In Autumn, Manchester took the crown for the top two overcrowded services with the Glasgow to Manchester Airport service reaching the highest critical load point at Manchester Oxford Road at 08:24 — with just four carriages on the service, 212 passengers were in excess of the cars’ capacity.

The Manchester Airport to Edinburgh line was the second most-packed carriage in autumn 2017 with 387 passengers in the carriages at Manchester Oxford Road at 16:19, 196 passengers over the standard train capacity. TransPennine Express ran both services.

GTR features prominently in the overcrowding stats: of the 20 most-overcrowded services between spring and autumn collectively, half of the services provided were ran by GTR. Overcrowded trains, cancellations, and delays to services were amongst the reasons GTR’s passenger numbers fell following statistics in June.

Passenger numbers in major cities fall

Users of rail networks in several major cities across England have fallen.

Passengers of services to Leeds, Liverpool, Manchester and Cardiff have suffered the largest decline, with many citing chaotic delays and cancellations as a number of reasons for no longer frequently using rail network.

Users of services to and from Leeds plummeted; there were almost one in 10 less users of services of AM peak arrivals to the Yorkshire city in Autumn 2017 compared to the previous year.

Liverpool’s numbers have also fallen, with 4.3% fewer users of the services compared to the year before.

Passenger satisfaction surveys, conducted by Transport Focus, found that only 72% of commuters — those who use the rail service more than any other group — were satisfied with their service. This marks a fall from 80% satisfaction in Autumn 2012.

Speaking to the BBC this morning, chair of the Transport Select Committee Lilian Greenwood blasted the DfT for failing to fulfil promises made to passengers to improve services following a chaotic new timetable introduction to the rail networks on 20 May.

She noted that as the figures are from August 2017 and passenger satisfaction may have fallen even further since the national disruption over the last three months, even fewer passengers will be using railways, which can have detrimental impacts to the wider environment.

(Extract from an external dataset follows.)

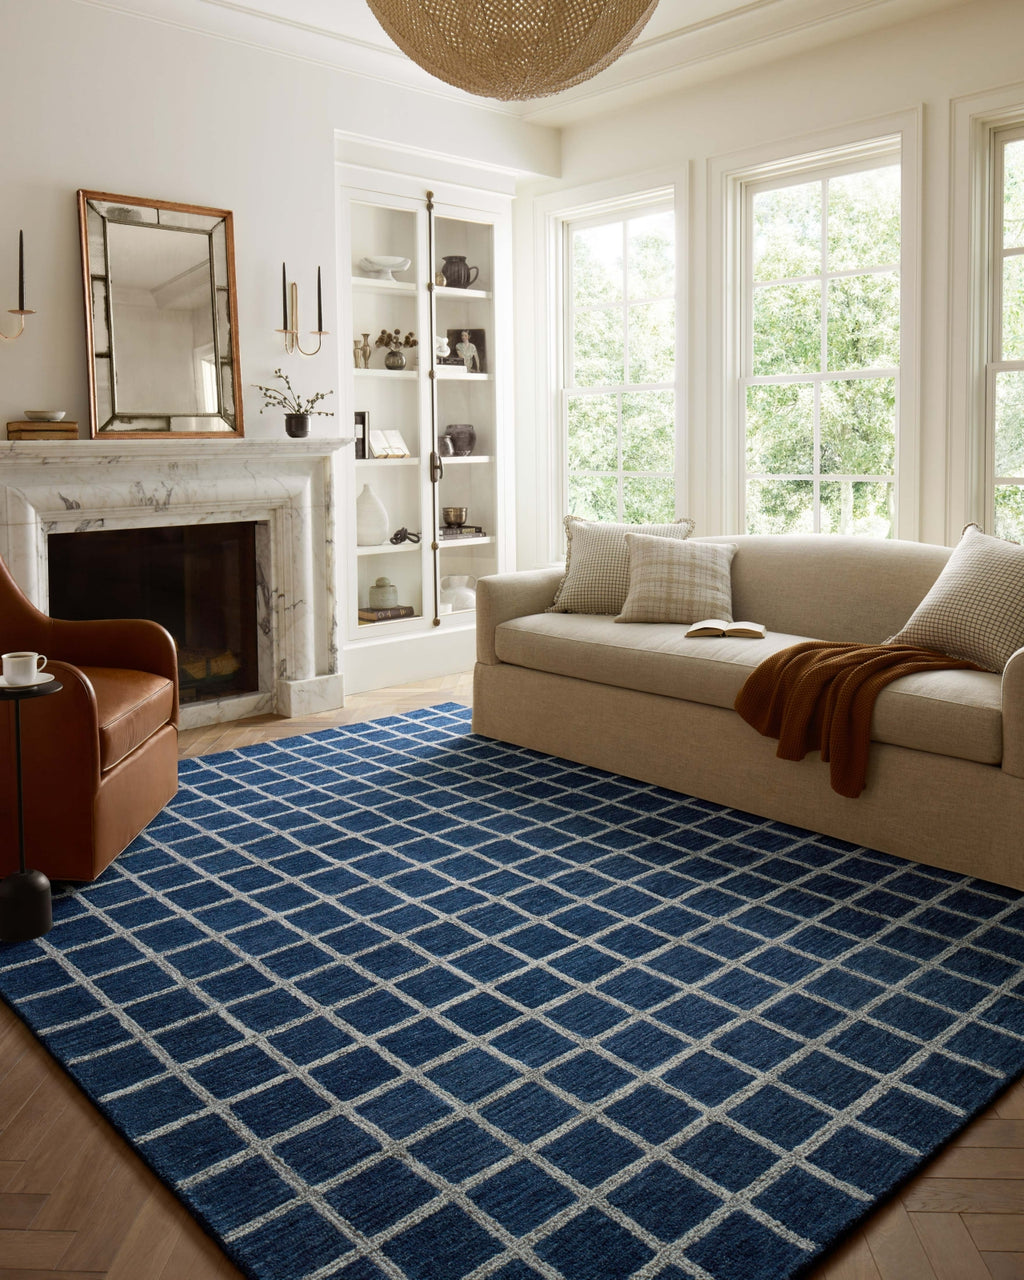 Polly POL-05 Navy/Silver Area Rug by Chris Loves Julia x Loloi Lifestyle Image Feature

She said: “Fewer people are choosing to travel by train, which means more cars are coming into our cities, leading to more congestion and harmful emissions being created.

“The May timetables and emergency timetables since were supposed to make services for passengers better but they’ve made them worse. The May timetable is absolute chaos — we will be making recommendations to the DfT and the government about the best way to go forward from here.”